IPv6 "snooping," feature bundles several Layer 2 IPv6 first-hop
security features, which operates at Layer 2, or between Layer 2 and Layer 3,
and provides IPv6 features with security and scalability. This feature
mitigates some of the inherent vulnerabilities for the neighbor discovery
mechanism, such as attacks on duplicate address detection (DAD), address
resolution, device discovery, and the neighbor cache.
IPv6 snooping learns and secures bindings for stateless
autoconfiguration addresses in Layer 2 neighbor tables and analyzes snooping
messages in order to build a trusted binding table. IPv6 snooping messages that
do not have valid bindings are dropped. An IPv6 snooping message is considered
trustworthy if its IPv6-to-MAC mapping is verifiable.
When IPv6 snooping is configured on a target (which varies depending on
platform target support and may include device ports, switch ports, Layer 2
interfaces, Layer 3 interfaces, and VLANs), capture instructions are downloaded
to the hardware to redirect the snooping protocol and Dynamic Host
Configuration Protocol (DHCP) for IPv6 traffic up to the switch integrated
security features (SISF) infrastructure in the routing device.
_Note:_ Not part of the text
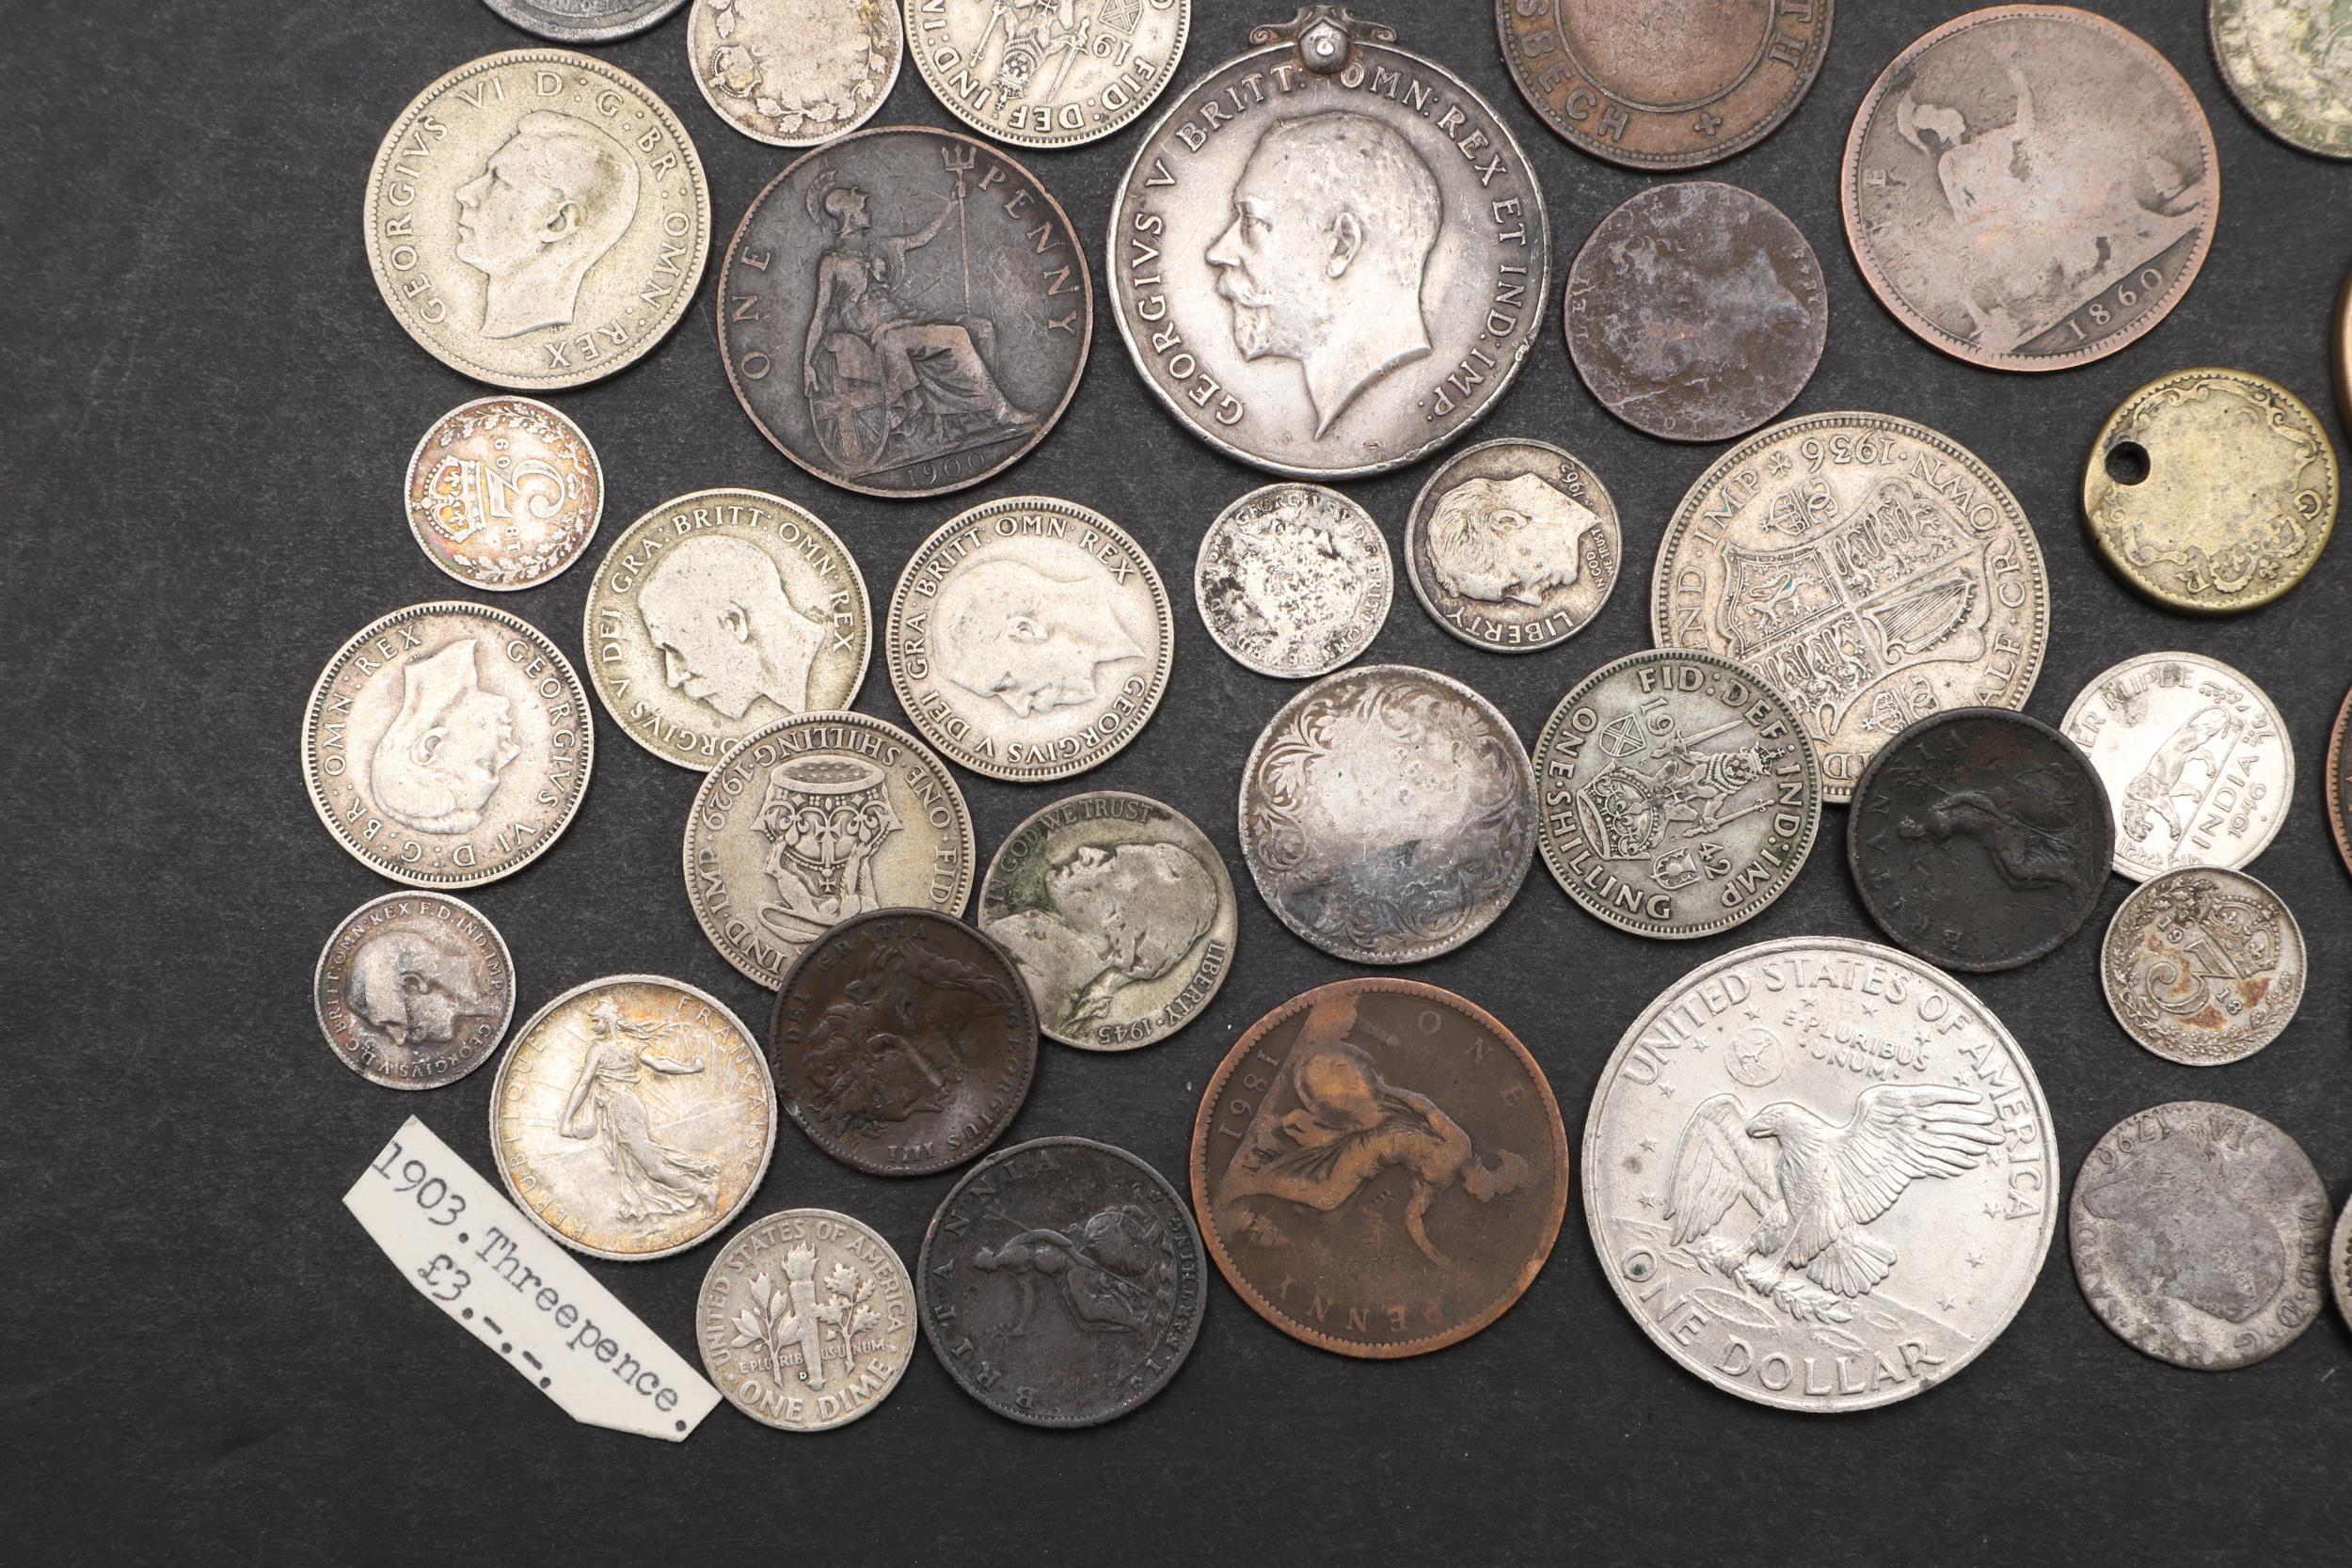 A MIXED COLLECTION OF WORLD COINS AND A GREAT WAR MEDAL. - Image 4 of 5

For snooping
traffic, messages such as NS, NA, RS, RA, and REDIRECT are directed to SISF.
For DHCP, UDP messages sourced from port 546 or 547 are redirected.
IPv6 snooping registers its "capture rules" to the classifier, which
aggregates all rules from all features on a given target and installs the
corresponding ACL down into the platform-dependent modules. Upon receiving
redirected traffic, the classifier calls all entry points from any registered
feature (for the target on which the traffic is being received), including the
IPv6 snooping entry point. This entry point is the last to be called, so any
decision (such as drop) made by another feature supersedes the IPv6 snooping
decision.
IPv6 snooping provides IPv6 host liveness tracking so that a neighbor
table can be immediately updated when an IPv6 host disappears.
Additionally, IPv6 snooping is the foundation for many other IPv6
features that depend on an accurate binding table. It inspects snooping and
DHCP messages on a link to glean addresses, and then populates the binding
table with these addresses. This feature also enforces address ownership and
limits the number of addresses any given node is allowed to claim.